Intermediate training metrics for TAPIR
I'm looking to replicate training of TAPIR on Kubric MOVi-E with adjusted compute resources and need insights on intermediate training metrics.
What were the intermediate training statistics during your runs? Specifically:
- At which epoch did you start observing improved loss values?
- What were the loss values at higher epoch numbers (before final convergence)?
Your setup: 64 TPU × 4 batch size = 256 total batch, 50k steps, 1e-3 learning rate Our proposed setup: 4 GPU × 2 batch size = 8 total batch, 1.6M steps, 3.125e-5 learning rate
(We've scaled the training parameters to account for our reduced compute capacity while maintaining equivalent total compute steps. Would appreciate confirmation if this adaptation looks reasonable.)
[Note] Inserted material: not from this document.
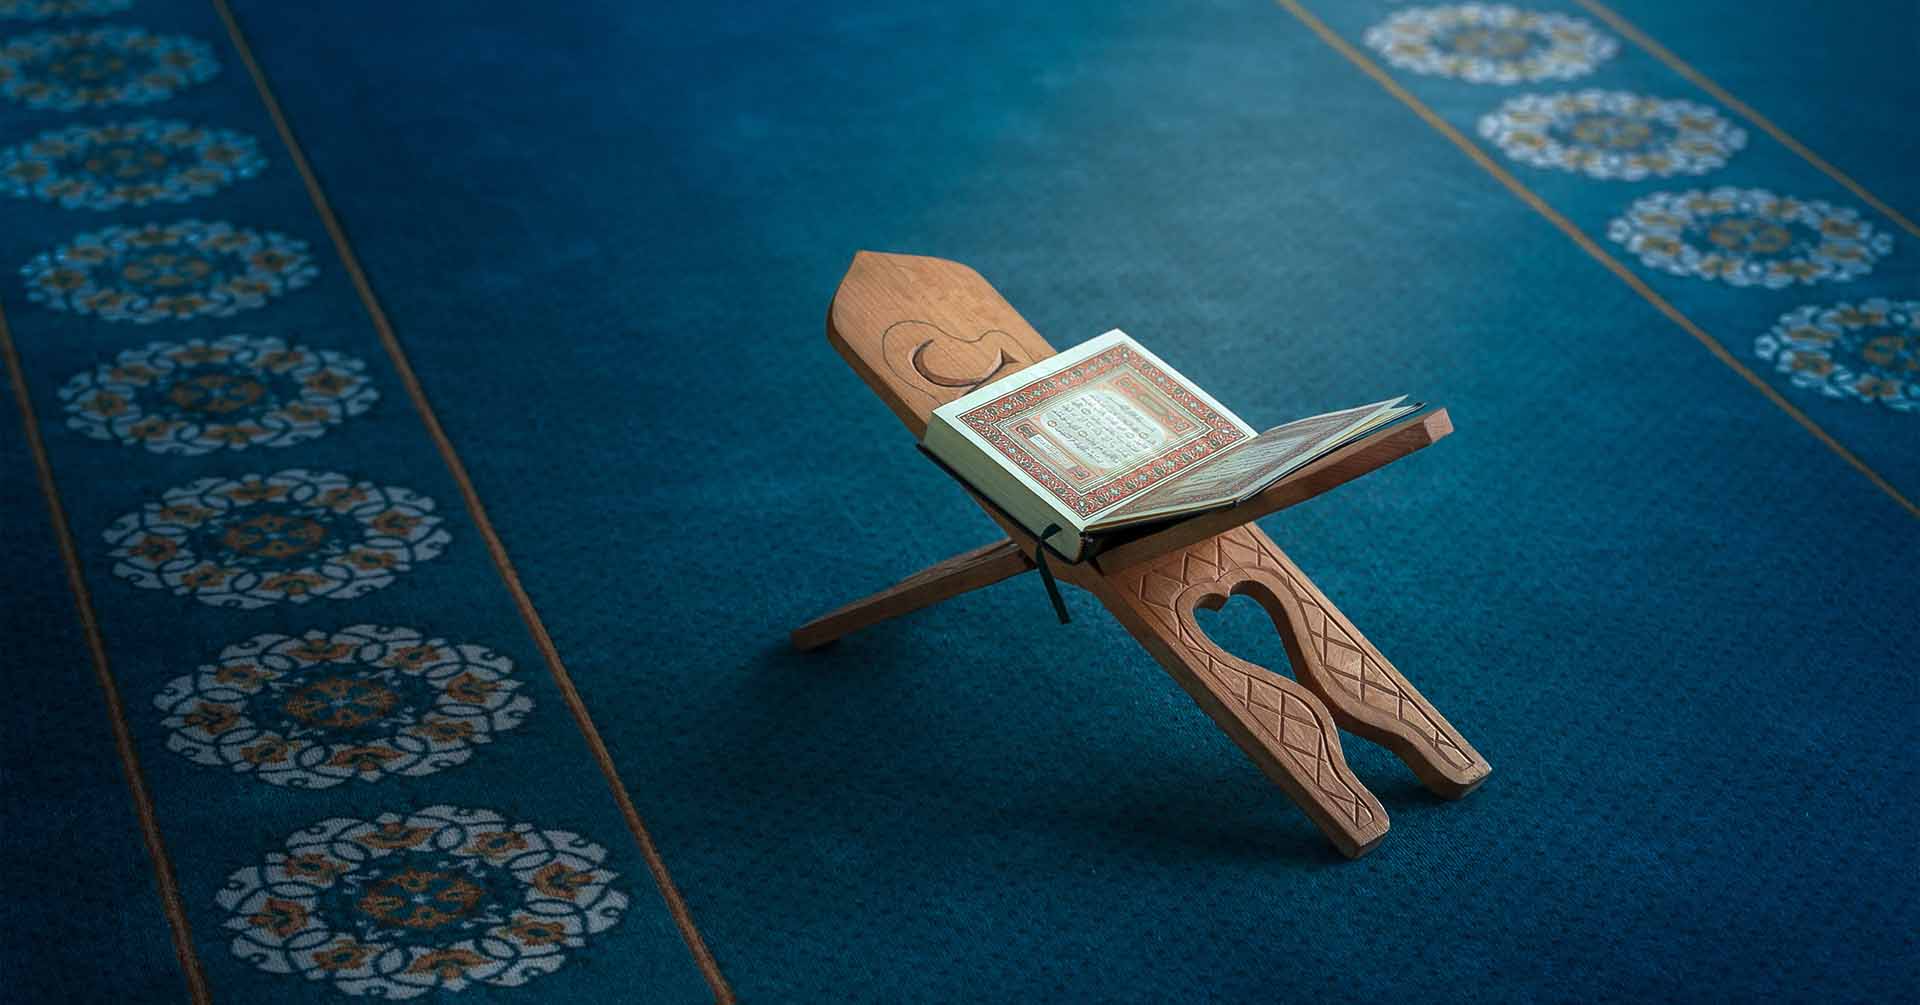 quran on blue prayer carpet 5 pillars of islam

Here are some intermediate results:
Each epoch (over entire train set) is ~1250 steps, so at this point, the dataset has seen the train set around 36 times.
I wouldn't expect it to be trivial to make this work with small batch size. At the very least, I expect you would need to re-tune the adam parameters. Probably better to use gradient accumulation if you want to train with fewer devices.
Here's a training curve for the position (huber) loss for a model trained for 100K steps (note that our internal training scripts have progressed beyond what we released for the paper, and the released ones aren't maintained carefully). I'm not sure the loss scales match what you're using here, but I don't expect this to matter much; as long as the huber loss dominates the total loss, then I would expect the model to train.
Thanks. I've added gradient accumulation (4 GPU x 2 BS x 32 grad acc = 256) and losses do seem to go down.
Do you know why the loss scales in your graph vs ours might be so different, since we're using the same loss file as the repository (PyTorch version, not JAX), and whether this would make a difference?
Hi, just wanted to follow up on this
Hi @swarnim-j ,
Sorry we do not have bandwidth to look into the problem. We just attach the intermediate evaluation metrics for TAPVid-DAVIS strided eval as a further reference for you. Hope you can compare with yours and make further analysis. Thanks.